What Is AuDHD? Understanding the Overlap Between Autism and ADHD
Key Takeaways
  • AuDHD refers to having both autism and ADHD simultaneously. It is not a formal diagnosis yet, but it describes a real and distinct neurological experience that affects how both conditions present and interact.

  • The two conditions share many surface traits — sensory sensitivity, executive dysfunction, social difficulty — but they often pull in opposite directions, creating internal conflicts that are uniquely exhausting.

  • AuDHD is frequently missed or misdiagnosed because each condition can mask the other. Understanding the overlap is the first step toward getting the right support.

A Brain That Contradicts Itself

If you have ever felt simultaneously desperate for routine and completely unable to maintain one, craving deep connection while finding social interaction utterly draining, hyperfocusing for six hours on something irrelevant while being unable to start the thing that actually matters — you might be living with AuDHD.

AuDHD is the informal but increasingly recognised term for having both autism spectrum condition (ASC) and attention deficit hyperactivity disorder (ADHD) at the same time.
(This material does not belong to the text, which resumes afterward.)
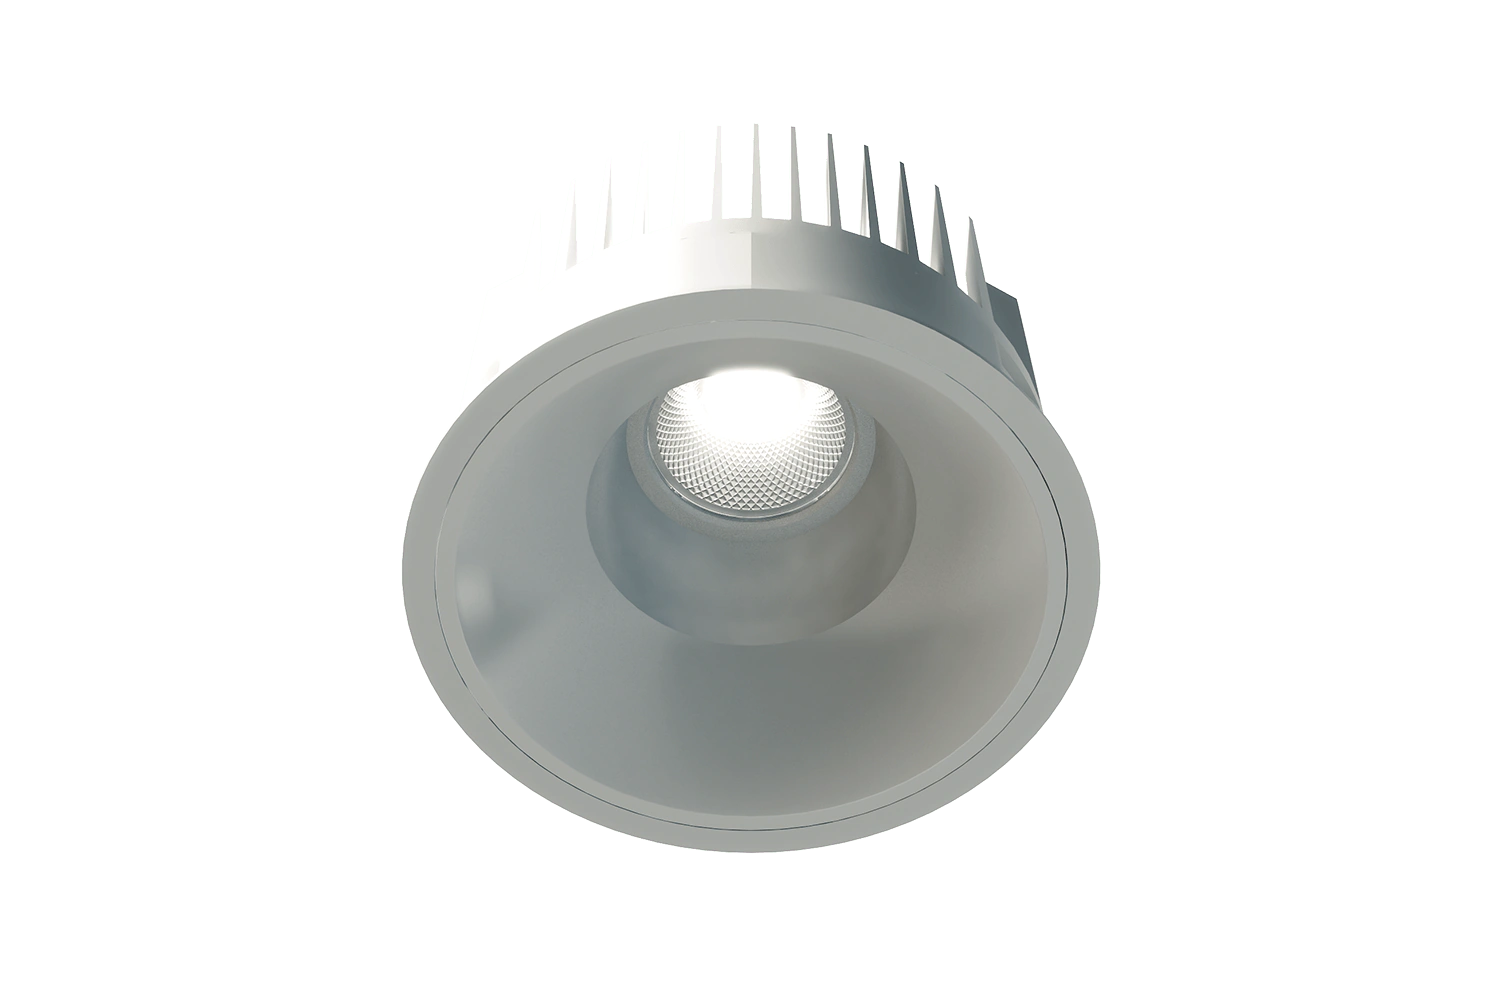 Produktleuchtenbild der Unio 620 LED Einbau-Downlight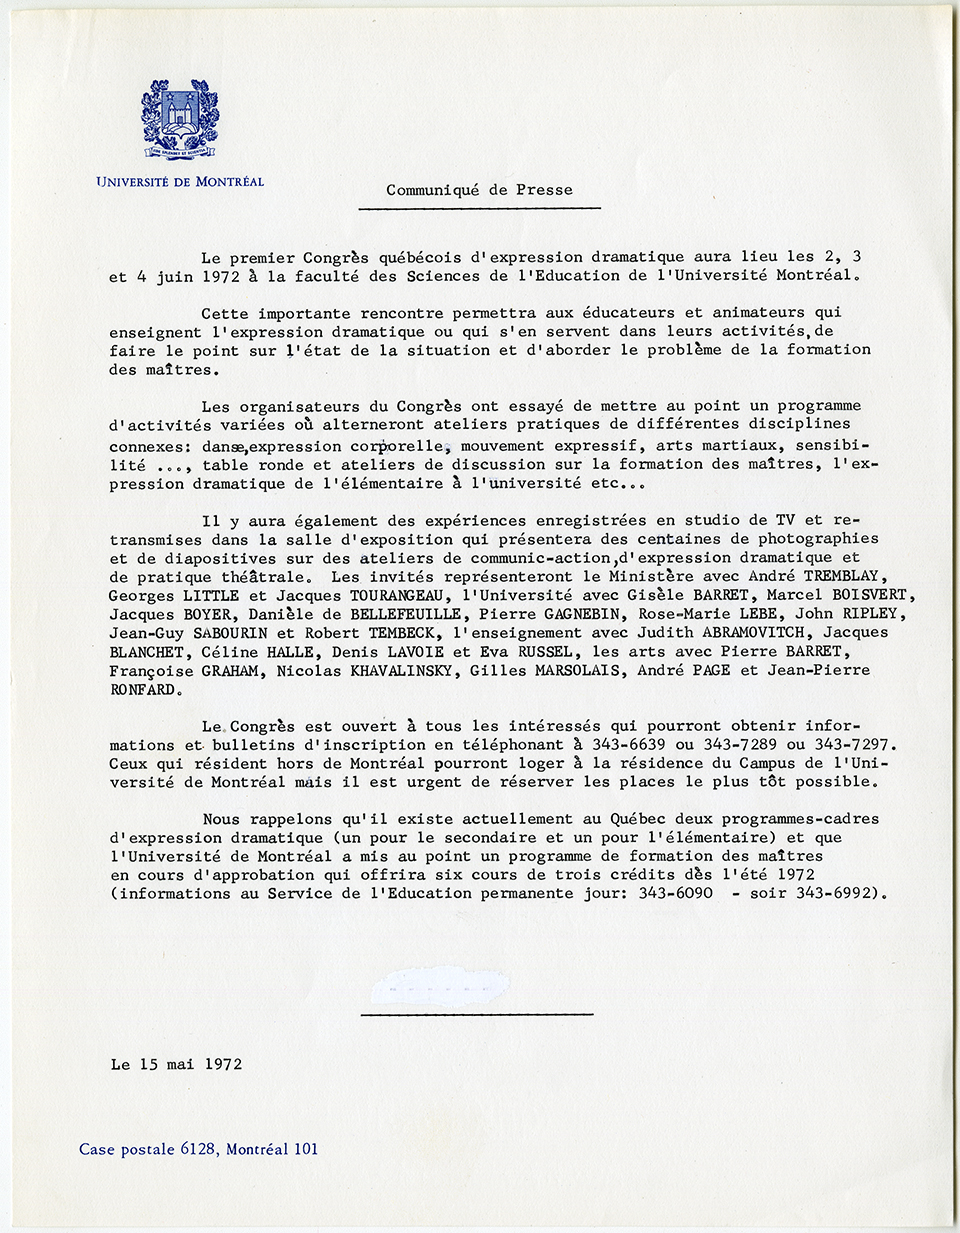 Communiqué de presse annonçant le premier congrès d’expression dramatique, 15 mai 1972. Archives UdeM, P0419-K-3-D0006

It is not a formal diagnostic category yet, but it describes a neurological reality that millions of people live with every day.

For a long time, clinicians believed autism and ADHD were mutually exclusive — that you could not have both. The DSM-IV (the diagnostic manual used until 2013) explicitly prohibited a dual diagnosis. That prohibition was removed in DSM-5, and since then, research has consistently shown that the two conditions co-occur far more often than chance would predict. Current estimates suggest that between 50 and 70 percent of autistic people also meet criteria for ADHD, and between 20 and 50 percent of people with ADHD also meet criteria for autism.

What Autism and ADHD Actually Are

Before exploring the overlap, it helps to understand what each condition involves on its own.

Autism (autism spectrum condition or ASC) is a neurodevelopmental difference characterised by differences in social communication and interaction, restricted or repetitive patterns of behaviour, and often heightened or reduced sensory sensitivity. Autistic people tend to value consistency, depth, and directness. They often have strong pattern recognition, intense areas of interest, and a preference for predictability.

ADHD (attention deficit hyperactivity disorder) is a neurodevelopmental condition characterised by difficulties with sustained attention, impulse control, and executive function. Despite the name, ADHD is not simply about being distracted — it involves a fundamental difference in how the brain regulates attention, motivation, and action. People with ADHD often thrive on novelty, urgency, and interest-driven engagement.

At first glance, these two profiles seem almost opposite. Autism often involves a preference for sameness; ADHD often involves a drive toward novelty. Autism can involve intense focus on rules and systems; ADHD can involve difficulty following rules at all. This apparent contradiction is part of why AuDHD was historically considered impossible — and why it remains so confusing to diagnose and to live with.

The AuDHD Experience: Where They Collide

When autism and ADHD co-occur, the result is not simply the sum of two conditions. The two neurotypes interact, amplify, and sometimes directly contradict each other in ways that create a unique and often exhausting experience.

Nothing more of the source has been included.